Bergdorf Goodman will then launch its digital customer experience and curated offering to customers worldwide.
NMG’s namesake brand, Neiman Marcus, will also adopt certain FPS modules, including foundational international services.
Both businesses will join the Farfetch Marketplace as a partner, which will add participating brands in key locations worldwide.
Neiman Marcus and Bergdorf Goodman offer exclusive products across multiple channels, employing more than 3,000 associates.
NMG CEO Geoffroy van Raemdonck said: “We are pleased to share the successful closing of the investment by Farfetch in NMG and now that the commercial agreements are final, we are excited to transition to realising the important benefits of this partnership.
“Farfetch’s investment demonstrates its confidence in our omnichannel strategy, and we look forward to partnering with them to continue revolutionising the luxury customer experience and delivering value to all our stakeholders.”

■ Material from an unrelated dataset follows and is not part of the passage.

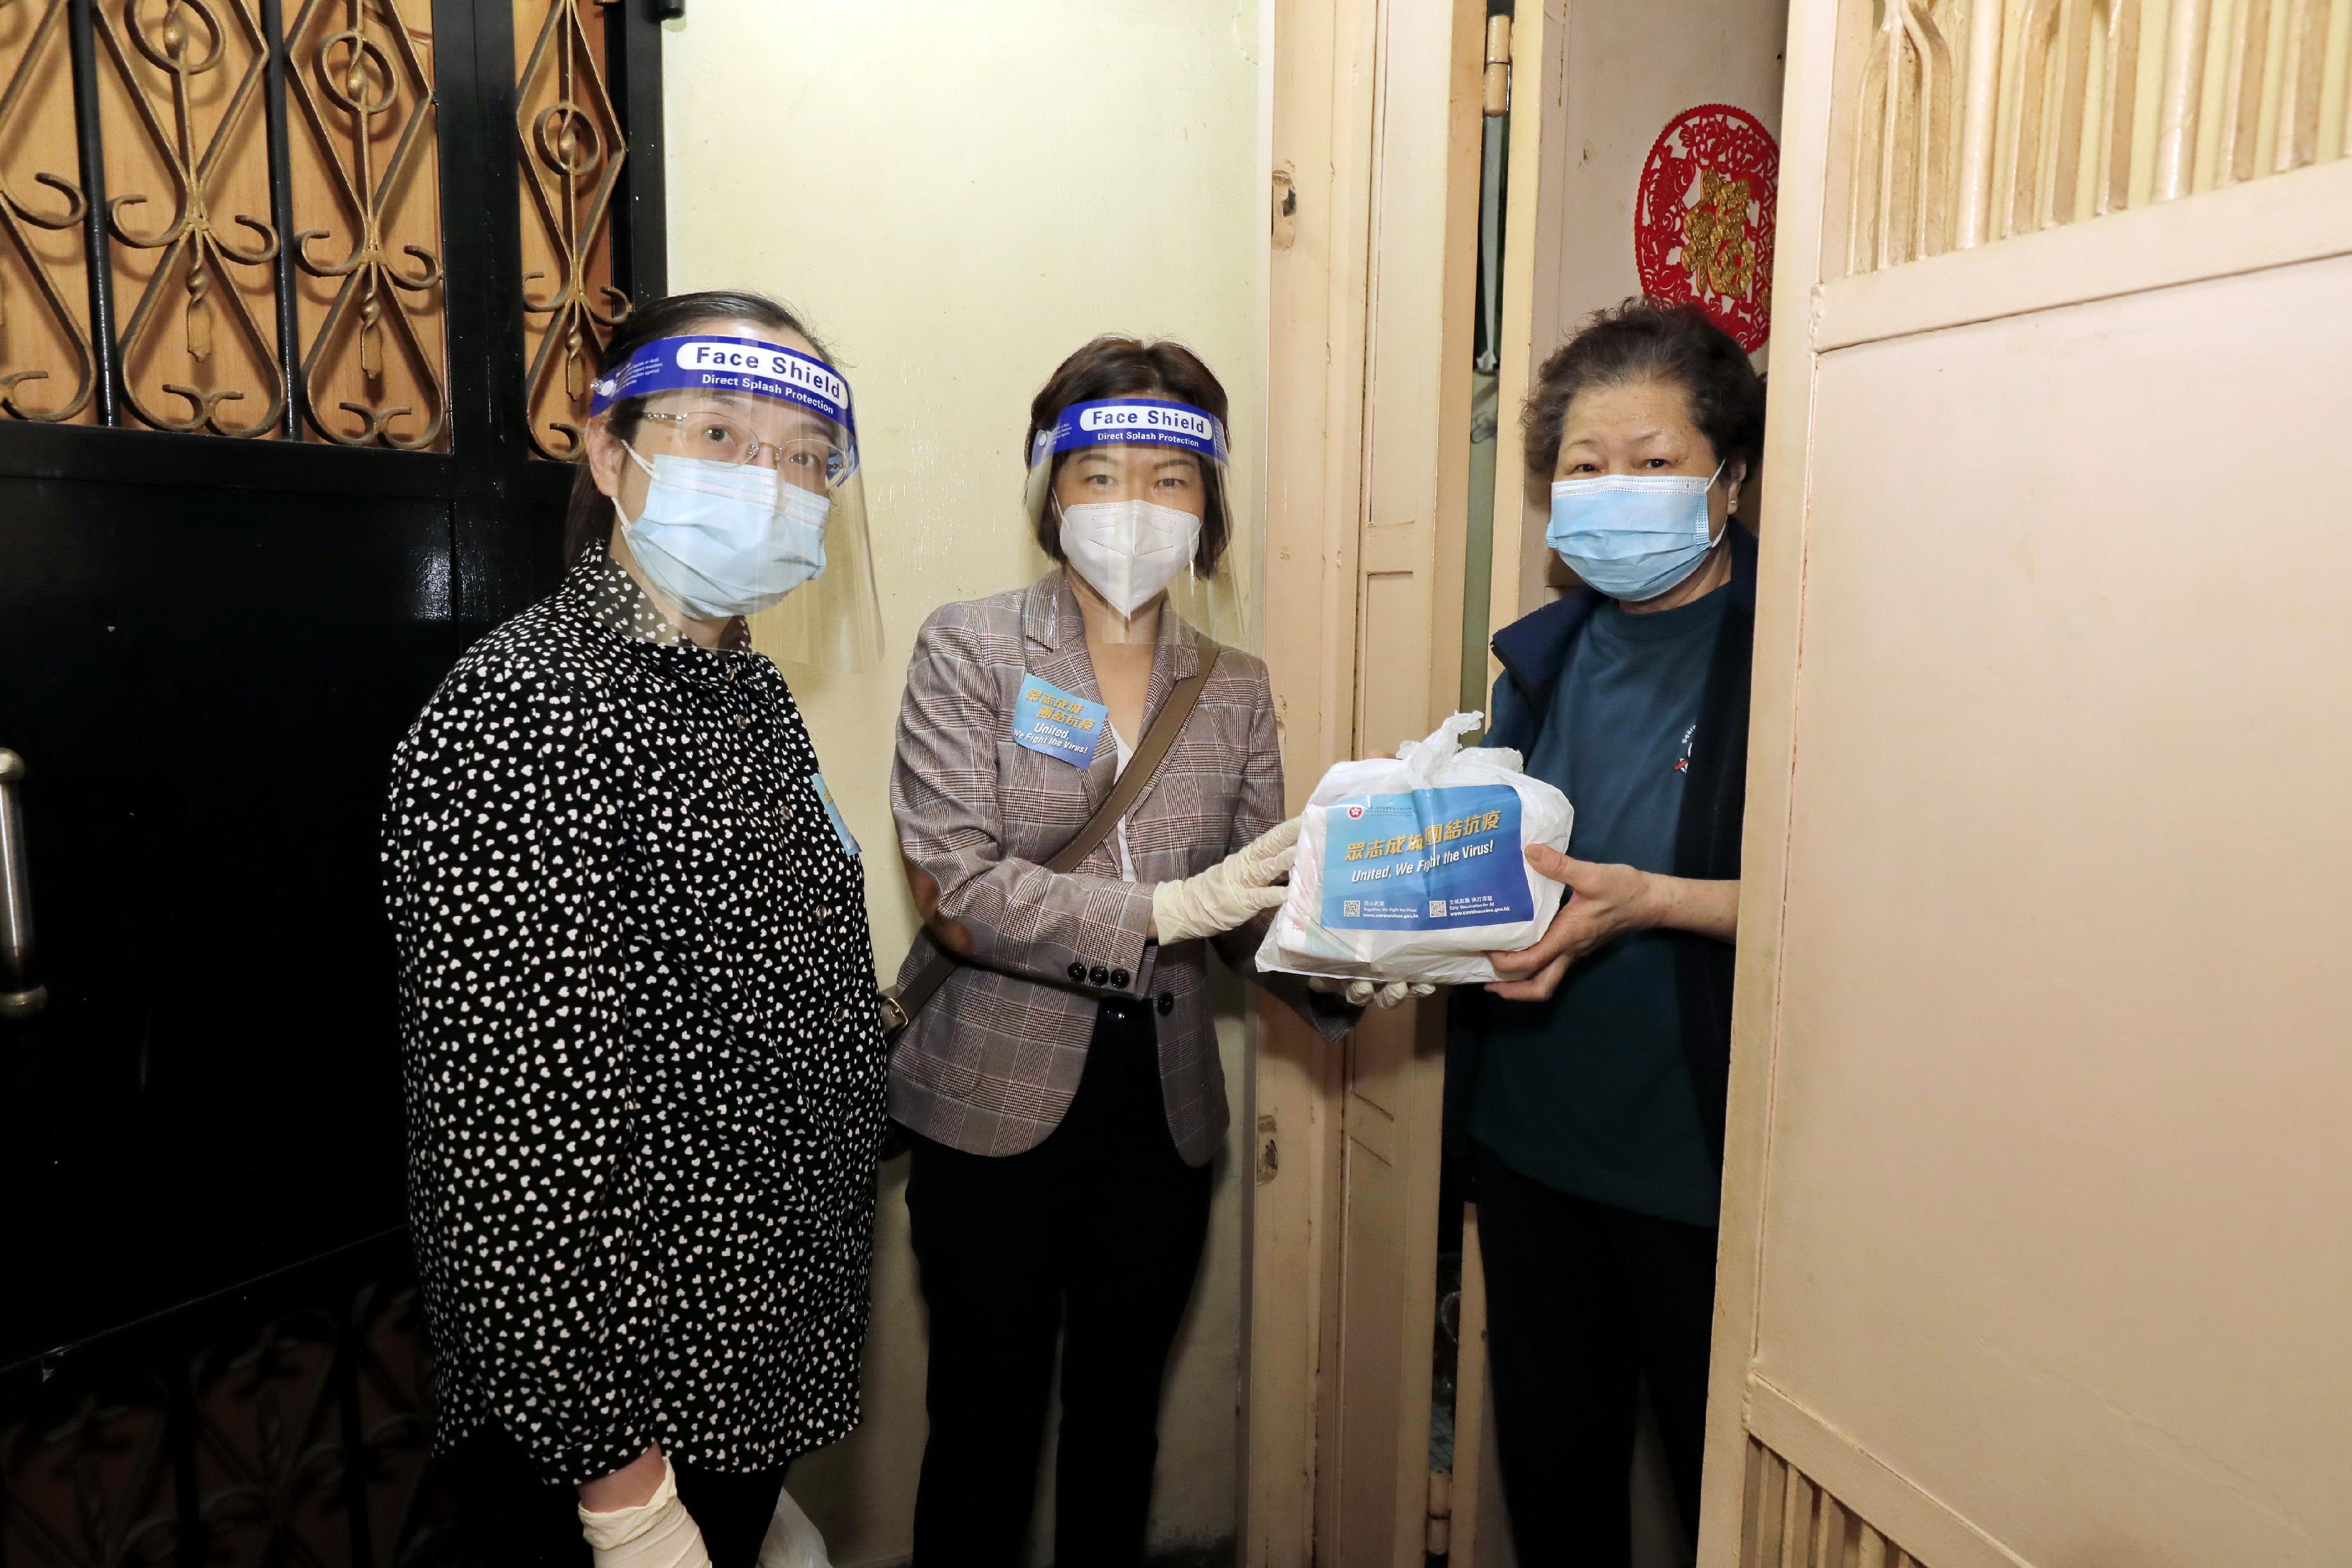 The new Director of Home Affairs, Mrs Alice Cheung, together with volunteer groups today (April 6) distributed anti-epidemic service bags to grassroots families in an old building in Yau Ma Tei. Photo shows Mrs Cheung (centre) and the Deputy Director of Home Affairs, Miss Vega Wong (left), distributing an anti-epidemic service bag door-to-door to a resident living in the old building.

Farfetch distributes items from more than 1,400 brands, boutiques and department stores to customers in more than 190 countries and territories.
In January this year, the company revealed plans to purchase US-based luxury beauty retailer Violet Grey for an undisclosed sum.
Last month, Farfetch reported that its revenue for the first quarter of the fiscal year 2022 (FY22) increased by 6.1% year-over-year to $514.8m, driven by a 9.3% growth in its digital platform revenue.